■ Exercise description:
Search the entries for the word "einer" and return every line where it is found.

Extracted data entries:
=======

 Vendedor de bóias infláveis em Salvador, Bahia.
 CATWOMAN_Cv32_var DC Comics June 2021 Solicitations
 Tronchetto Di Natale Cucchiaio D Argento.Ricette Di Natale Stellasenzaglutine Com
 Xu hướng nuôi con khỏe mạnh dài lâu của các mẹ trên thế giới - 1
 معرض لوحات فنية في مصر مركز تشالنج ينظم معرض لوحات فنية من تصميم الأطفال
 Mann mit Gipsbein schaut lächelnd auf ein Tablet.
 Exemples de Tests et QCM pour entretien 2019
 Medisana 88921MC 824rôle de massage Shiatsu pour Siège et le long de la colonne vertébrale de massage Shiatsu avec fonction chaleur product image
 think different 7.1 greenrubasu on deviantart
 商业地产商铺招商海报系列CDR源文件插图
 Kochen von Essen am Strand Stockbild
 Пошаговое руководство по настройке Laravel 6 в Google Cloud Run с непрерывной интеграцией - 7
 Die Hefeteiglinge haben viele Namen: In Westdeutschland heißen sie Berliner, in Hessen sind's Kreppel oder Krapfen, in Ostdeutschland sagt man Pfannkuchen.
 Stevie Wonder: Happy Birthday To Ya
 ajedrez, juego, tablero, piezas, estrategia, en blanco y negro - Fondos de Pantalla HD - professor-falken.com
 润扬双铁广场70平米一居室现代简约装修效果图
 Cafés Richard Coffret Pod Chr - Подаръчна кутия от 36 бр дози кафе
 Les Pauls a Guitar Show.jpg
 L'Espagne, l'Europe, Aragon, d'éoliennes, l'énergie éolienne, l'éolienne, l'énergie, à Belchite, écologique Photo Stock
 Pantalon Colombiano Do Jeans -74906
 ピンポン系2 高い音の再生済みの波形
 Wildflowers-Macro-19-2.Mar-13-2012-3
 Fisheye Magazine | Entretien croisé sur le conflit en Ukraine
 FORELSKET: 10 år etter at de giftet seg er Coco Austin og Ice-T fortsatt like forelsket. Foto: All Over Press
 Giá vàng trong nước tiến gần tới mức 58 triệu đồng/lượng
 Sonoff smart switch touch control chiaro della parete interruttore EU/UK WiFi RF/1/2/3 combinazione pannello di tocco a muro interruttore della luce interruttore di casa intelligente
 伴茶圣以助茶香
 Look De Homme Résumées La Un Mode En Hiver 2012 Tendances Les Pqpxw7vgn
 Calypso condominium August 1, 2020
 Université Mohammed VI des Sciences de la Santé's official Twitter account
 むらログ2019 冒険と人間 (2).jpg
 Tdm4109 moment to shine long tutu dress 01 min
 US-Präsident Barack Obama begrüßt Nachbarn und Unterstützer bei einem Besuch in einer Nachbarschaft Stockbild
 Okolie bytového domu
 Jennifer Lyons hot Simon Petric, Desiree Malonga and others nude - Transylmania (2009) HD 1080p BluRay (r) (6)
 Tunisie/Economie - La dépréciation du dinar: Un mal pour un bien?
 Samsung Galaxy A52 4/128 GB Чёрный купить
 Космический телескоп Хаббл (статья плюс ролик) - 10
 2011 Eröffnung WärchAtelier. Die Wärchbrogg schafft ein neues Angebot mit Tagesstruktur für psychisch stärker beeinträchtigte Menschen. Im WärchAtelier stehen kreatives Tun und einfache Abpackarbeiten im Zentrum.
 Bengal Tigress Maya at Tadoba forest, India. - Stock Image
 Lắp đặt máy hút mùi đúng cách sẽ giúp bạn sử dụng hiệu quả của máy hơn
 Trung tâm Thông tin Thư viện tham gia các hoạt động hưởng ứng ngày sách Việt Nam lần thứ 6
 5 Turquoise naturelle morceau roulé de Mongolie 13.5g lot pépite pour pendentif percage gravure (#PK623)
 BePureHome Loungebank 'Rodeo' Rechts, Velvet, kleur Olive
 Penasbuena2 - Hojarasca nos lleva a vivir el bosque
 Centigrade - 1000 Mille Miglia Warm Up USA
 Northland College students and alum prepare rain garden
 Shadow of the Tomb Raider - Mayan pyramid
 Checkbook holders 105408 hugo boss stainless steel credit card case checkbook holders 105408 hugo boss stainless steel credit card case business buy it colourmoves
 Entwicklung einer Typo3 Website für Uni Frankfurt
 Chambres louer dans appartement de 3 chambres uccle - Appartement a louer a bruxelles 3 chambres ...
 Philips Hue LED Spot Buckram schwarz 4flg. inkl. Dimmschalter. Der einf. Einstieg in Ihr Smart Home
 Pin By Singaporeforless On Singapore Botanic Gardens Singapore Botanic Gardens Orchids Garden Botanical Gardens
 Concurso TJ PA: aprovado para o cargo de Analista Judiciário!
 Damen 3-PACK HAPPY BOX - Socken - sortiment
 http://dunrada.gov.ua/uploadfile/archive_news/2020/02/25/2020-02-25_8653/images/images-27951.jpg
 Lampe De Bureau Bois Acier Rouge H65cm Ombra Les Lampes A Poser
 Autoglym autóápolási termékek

=======

■ Result of the task:
 US-Präsident Barack Obama begrüßt Nachbarn und Unterstützer bei einem Besuch in einer Nachbarschaft Stockbild
 Entwicklung einer Typo3 Website für Uni Frankfurt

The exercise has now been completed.